February 25, 2012 Leave a comment

Knowledge is power?  Hmph.  Knowledge is a right pain in the heiny, is what it is.

Schoolhouse Rocky's pants are on fire.

Let me give you a bit of background here.  For the last couple years at work, I’ve been involved in a big ol’ software rollout at work.  This particular piece of software is still not exactly where it should be in terms of user-friendliness, speed, reliability or actually working the way it’s supposed to.  I have spent countless hours babying this sucker and begging users for forgiveness and patience and trying to translate our needs to the developers. (Disclaimer, I am not a computer girl and I don’t write code or anything like that.  My piece of the puzzle was more on the user end.  I just have the unique skill of knowing how to communicate flawlessly with the IT guys and girls.  Probably because I’m married to one, har-de-har. Also, I said “user end.” Ha, I’m cracking myself up.)
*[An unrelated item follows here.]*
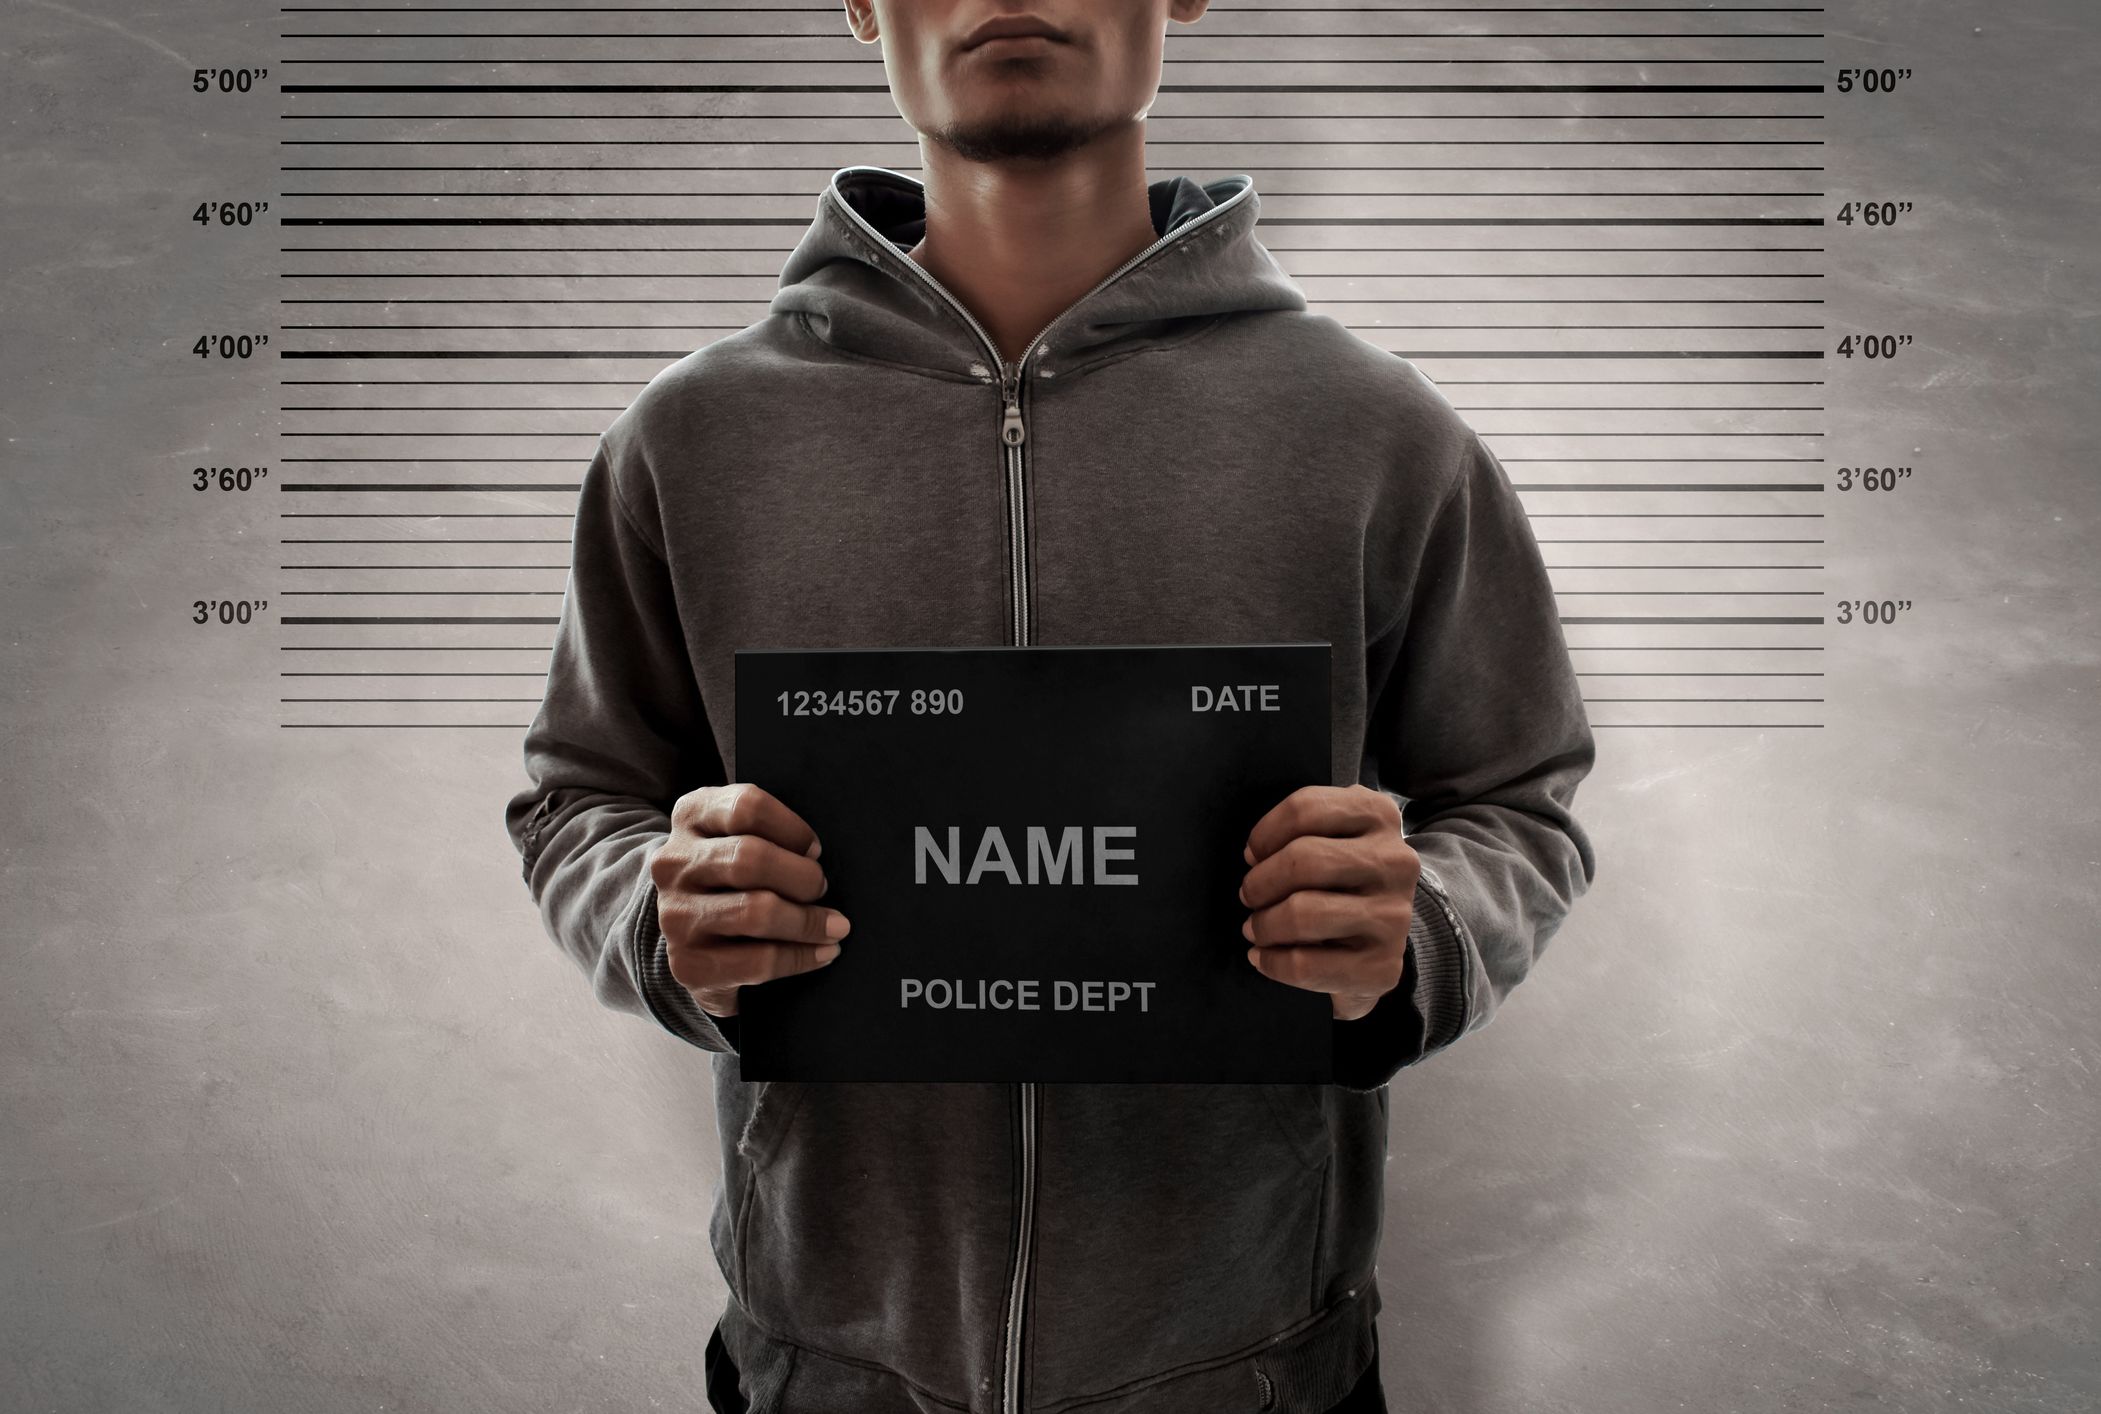 Want to Know How To Find Someone’s Mugshot? Read Here:

Anyway.  I recently got a promotion, which was not only a promotion, but a diagonal (it wasn’t exactly lateral, if you take my meaning) shift to an entirely different division of the company.  Despite my many years sitting in this chair, I suddenly had a lot to learn and not nearly enough hours in the day.  In addition to the pressure of learning my new job, which is actually two jobs wrapped in one, I also have to train a replacement for my old job.  There’s the rub.

My old job was something that I made up one day.  I thought to myself, hey, we need someone to do one, two and three.  Lo and behold, I wrote the proposal and my bosses agreed.  It was pretty awesome, if I do say so, but it was a very fluid job description that ended up morphing into one basic requirement.  Knowing stuff.  I have worked here for a very long time and I’ve been involved in a lot of different aspects and I just know stuff.  How do you train someone to know stuff?  That’s a serious question, because I don’t know how to do it. 

I have to interrupt myself to tell you that I spent a good year of college as an education major, during which time I learned how to teach children to read, basic geography and a touch of psychology.  I also learned that everyone is not cut out to be a teacher.  The fact that I spent one year at this should be telling.  I am not skilled at teaching anyone anything.  I say things one time.  If you can’t remember it, you’d better write it down.  I think everyone should work harder at learning than I have to work at teaching.  I forget that everyone doesn’t learn in the same ways or at the same pace as me.  I am easily frustrated and I mostly think it’s just easier to do it myself than to try to explain it.   I know that’s not fair to anyone, so I’m doing my level best to pass on my great knowledge to my young padawan.  But it’s a slow process that is painful for both of us.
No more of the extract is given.